At present, though, Humankind is an average, trending toward good, game. It introduces a couple of well-done ideas, such as a nomadic period in the early game before you settle and the ability to switch regularly between cultures. The base game is strong, but the balance between civilizations is off, and several aspects, such as religion and trade, feel very underdeveloped. But it has the potential, even the likelihood, of becoming an excellent game.

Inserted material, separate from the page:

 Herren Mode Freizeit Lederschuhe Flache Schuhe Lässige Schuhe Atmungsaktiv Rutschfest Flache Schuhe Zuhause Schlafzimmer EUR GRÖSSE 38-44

That’s because modern strategy games are surprisingly hard to playtest when they operate on this kind of complexity, until they actually get into the hands of hundreds of thousands of people upon launch. (Paradox Interactive, one of the main makers of grand strategy games, once had such a reputation for messy launches that it was mildly surprising when Crusader Kings III was immaculate on release.) The first wave of patches already considerably improved the game’s balance—no longer do elephants rule the battlefield or the Khmer and the Turks dominate all other civilizations. The next six months to a year will probably make the game even better.
—James Palmer
Root: A Game of Woodland Might and Right
Available on Leder Games and Amazon
There’s a well-developed genre of board games drawing on 20th-century counterinsurgency, most notably the COIN games, from Vietnam’s Fire in the Lake to Afghanistan’s A Distant Plain. But none has been as successful as Root, a recent classic inspired by the struggles and intrigues of the Vietnam War, 19th-century India, and other conflicts. Unlike in Vietnam, though, everyone in Root is an adorable fuzzy animal.

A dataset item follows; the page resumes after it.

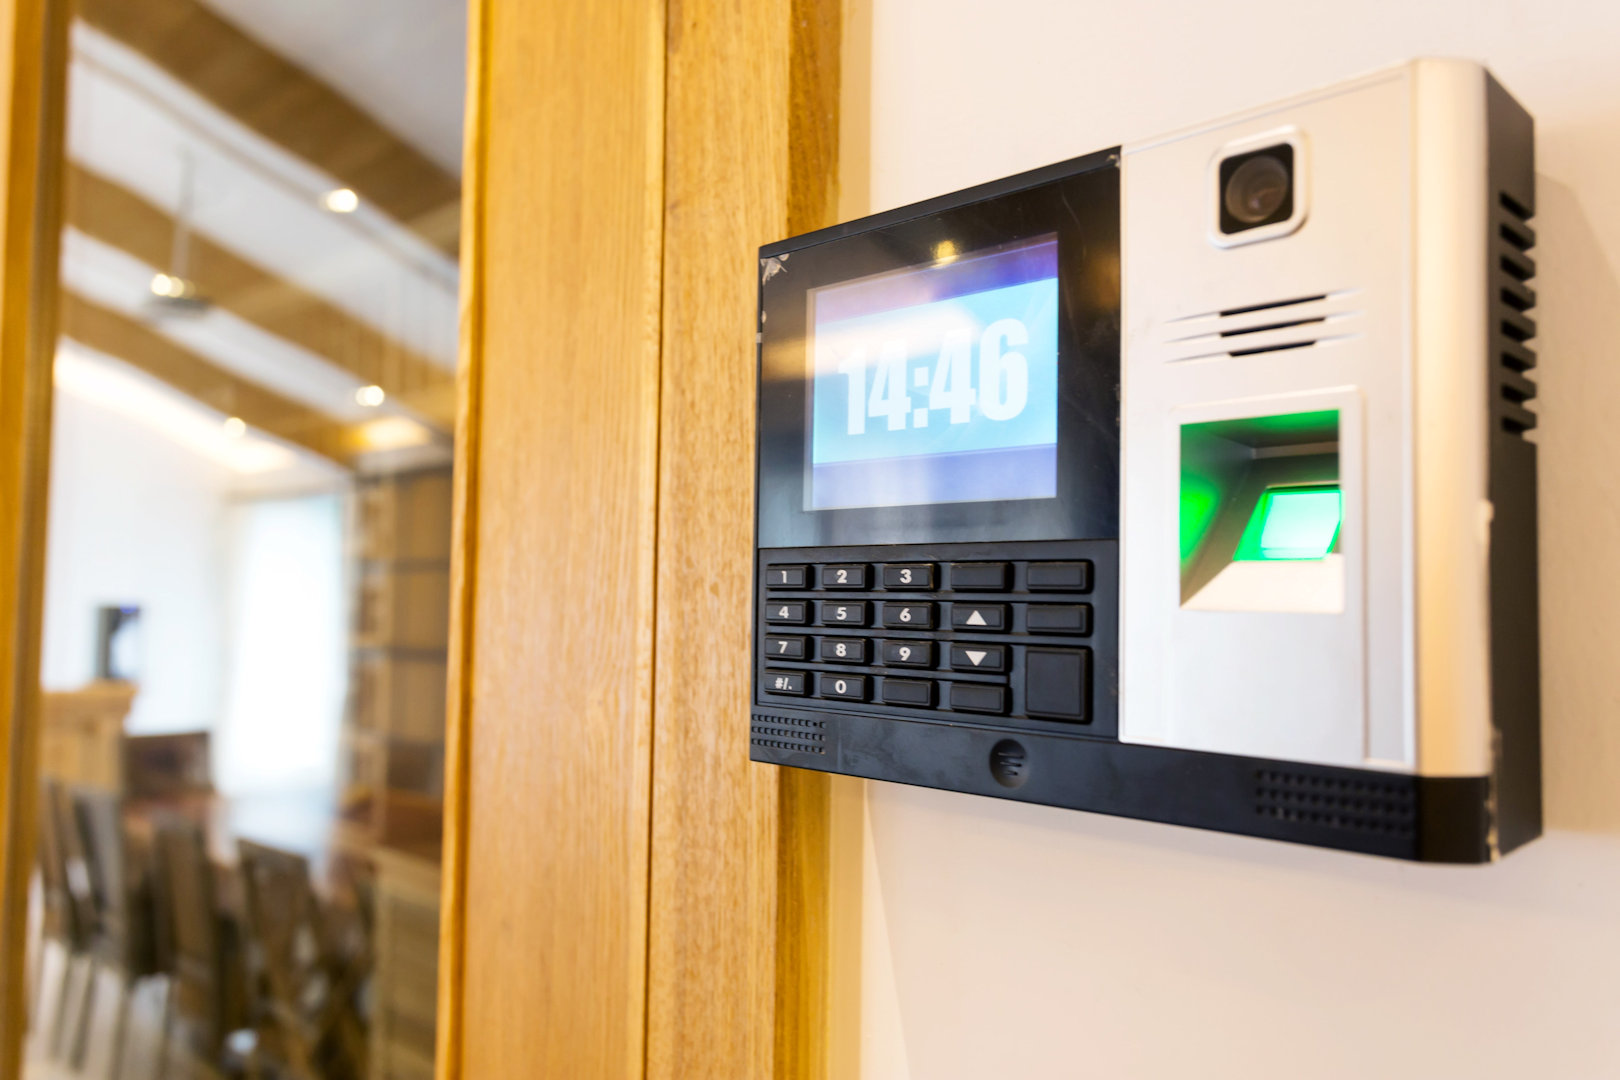 biometric fingerprint reader mounted on office wall

The game’s base factions include the Eyrie Dynasties, a coalition of vultures preying on the animals of the forest that regularly collapses through internal intrigue; the Marquise de Cat, an outsider looking to exploit and industrialize the forest; and the Woodland Alliance, the cutest little revolutionaries. It’s a masterfully designed example of an asymmetric board game, in which each faction has its own very specific rules and goals. That means it takes a couple of games to get the hang of play because you have to not only keep track of your own faction but also pay attention to how close the other factions are to achieving their own individual objectives. Still, the design is clear and easy to follow, and it’s not only a very fun game but a useful way of thinking about past conflicts—without the time commitment and innumerable chits of more conventional wargames.